Certainly some of the Education System Bands that I came through in Sheffield had similar ideals and practices as "Band Camp".... :twisted: :twisted: :twisted:


Active Member
The way to get people to listen to bands is to make concerts interesting and not just to brass band buffs. There has never been a wider musical repetoire as there is now for all music genres. Most of all make it fun. We had played many concerts over the summer, we are a 4th section band, with obvious fourth section limitations. However the audiences have lapped up all the concerts, praising our program for been varied and also that the band appeared so happy and obviously enjoying themselves.
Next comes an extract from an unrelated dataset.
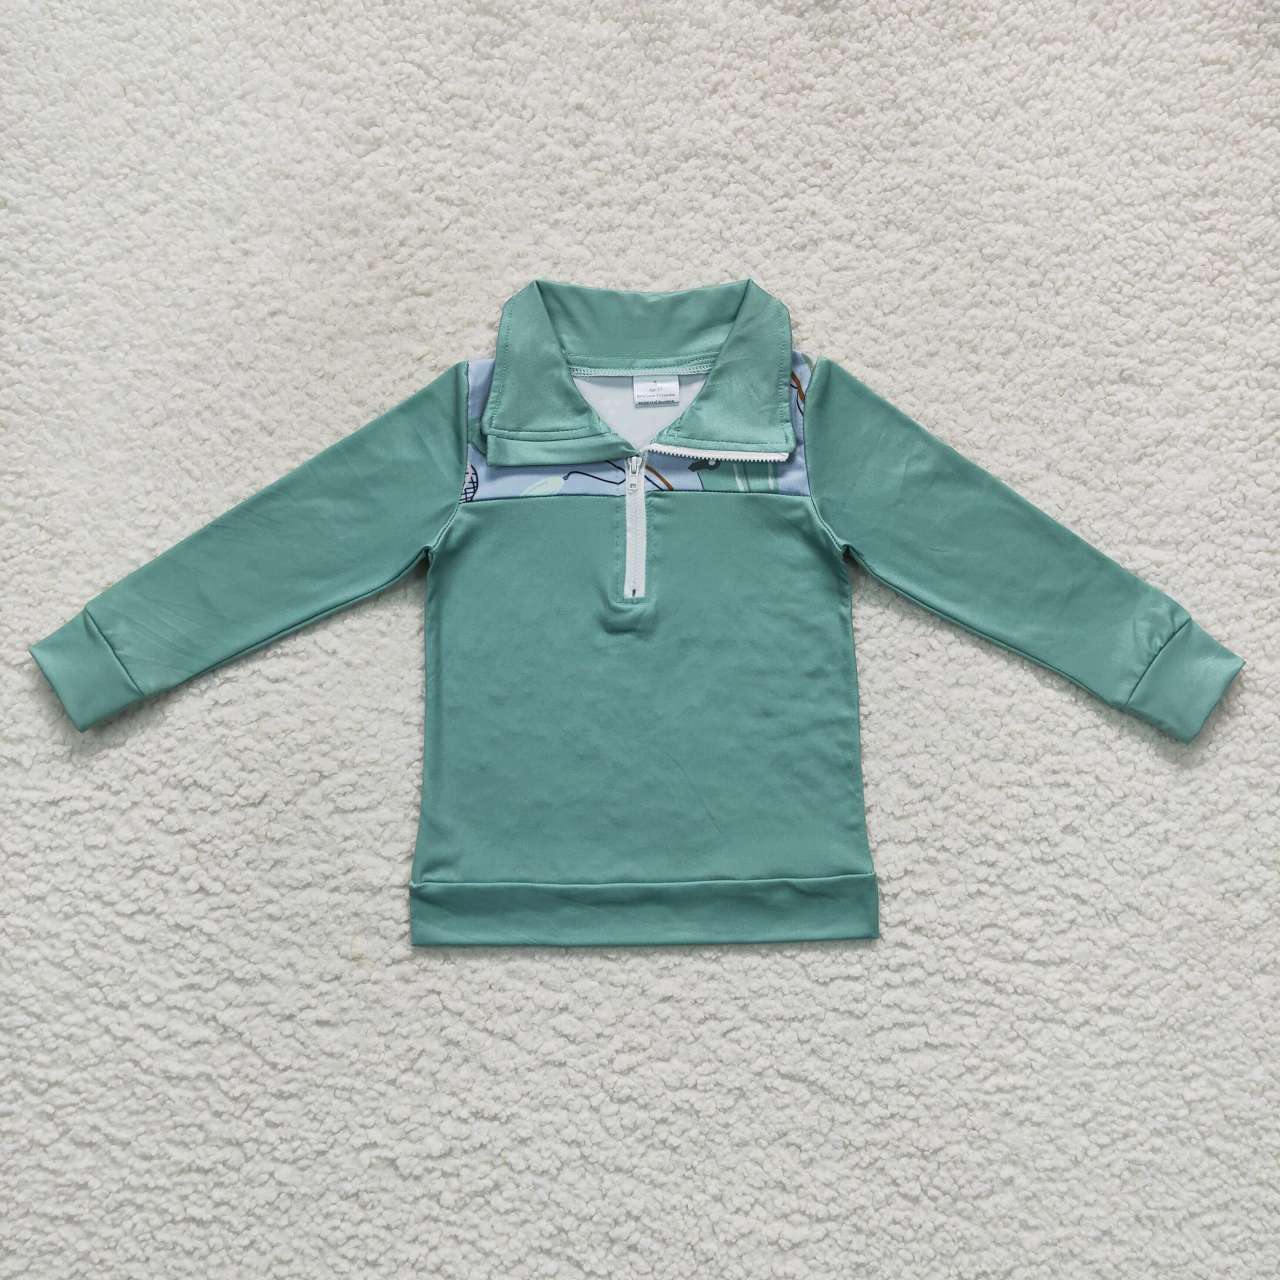 BT0335 toddler boy clothes fishing boy winter zipper top

One bloke from Salford enjoyed a concert we did at Beamish Museum so much he sent a cheque for 35 pound.

We have also had a lot of negative comments from the audience of other bands programs of previous weeks, which said that they were boring and drab. :roll: Contests are the vehicle to keep band standards up, but concerts are to entertain the audience not to impress a solitary brass band buff mixed in the audience. There is opportunities to play more taxing concerts which are organised for brass band enthusiasts but mr Joe Public in the park just want entertainment. If this doesn't happen there will be jugglers and punch and judy shows instead of bands. :D
I agree with Wonky Baton whole heartedly, I've been saying the same for years, but some players won't play anything unless it's their technical level, which is a great shame because the audience suffer in the end. :? :( People who go to park concerts don't want to hear test pieces they want film themes or something similar they can hum along too, not Nebucco or Resurgam, yes, brilliant works they are, but not for park jobs!!! :shock: :shock: :shock: :shock: :shock:


Roger Thorne said:
Perhaps we need to take coach loads of teenagers to Pontins!
I took loads of photos in Pontins then took them back to school and my friends understood why I enjoy banding so much! :p


tMP Founder
Staff member
Roger Thorne said:
If you'd had taken in the photo's I took at Pontins you would have been expelled!
... perhaps there's a Sunday News Paper Roger who might help you make a fortune eh!.... :D


Active Member
I agree with Wonky Baton whole heartedly
That the first time any one has agreed with me even begrudgingly, never mind wholeheartedly. :lol:

One things worries me though. I didn't mind you leaving the band cos you heard I was joining, but I think moving to Singapore to avoid me was a bit drastic!! 8)

I enjoyed my brief stint with the band, especially the 4th Place at Preston against the big boys!!